The court says the total prohibition of access to an individual’s tax records on the grounds that it is necessary to encourage tax disclosure is not a justifiable limitation of the rights to access to information and freedom of expression.

“Public interests outweigh the harm,” said Justice Jody Kollapen.

The Apex Court’s decision paves a way for former President Jacob Zuma’s tax records to be accessed by third parties if such an action is in the public interest.

The application was brought before the court by the Financial Mail and the aMabhungane Centre for Investigative Journalism.

They wanted the Apex Court to confirm a high court ruling, which instructed SARS to avail the organisations access to the tax returns within 10 days.

The ConCourt has given SARS 30 days to review its decision to refuse the organisations the access, while Parliament has been given two years to amend both Promotions to Access of Information and the Tax Administration Acts.

aMabhungane and Financial Mail want Zuma’s returns for 2010 to 2018 when he was still the Head of State.

Their move followed allegations of non-compliance by the former president.

The claims were contained in investigative journalist Jacques Pauw’s book, The President’s Keepers.

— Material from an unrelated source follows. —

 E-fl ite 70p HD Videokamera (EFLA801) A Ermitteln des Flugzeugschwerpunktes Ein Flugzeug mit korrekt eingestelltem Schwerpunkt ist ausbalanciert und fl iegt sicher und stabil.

In 2014, former Public Protector, Thuli Madonsela, also said the former president was liable for the fringe benefits accruing to him as a result of the controversial multi-million rand so-called security upgrades at his private home in Nkandla in KwaZulu-Natal.

In his submission to the Apex Court, the former president slammed the request to access his tax returns as an infringement to his right to privacy and dignity.

He also said the allegations in Pauw’s book had no facts that demonstrate credible evidence that he violated tax laws.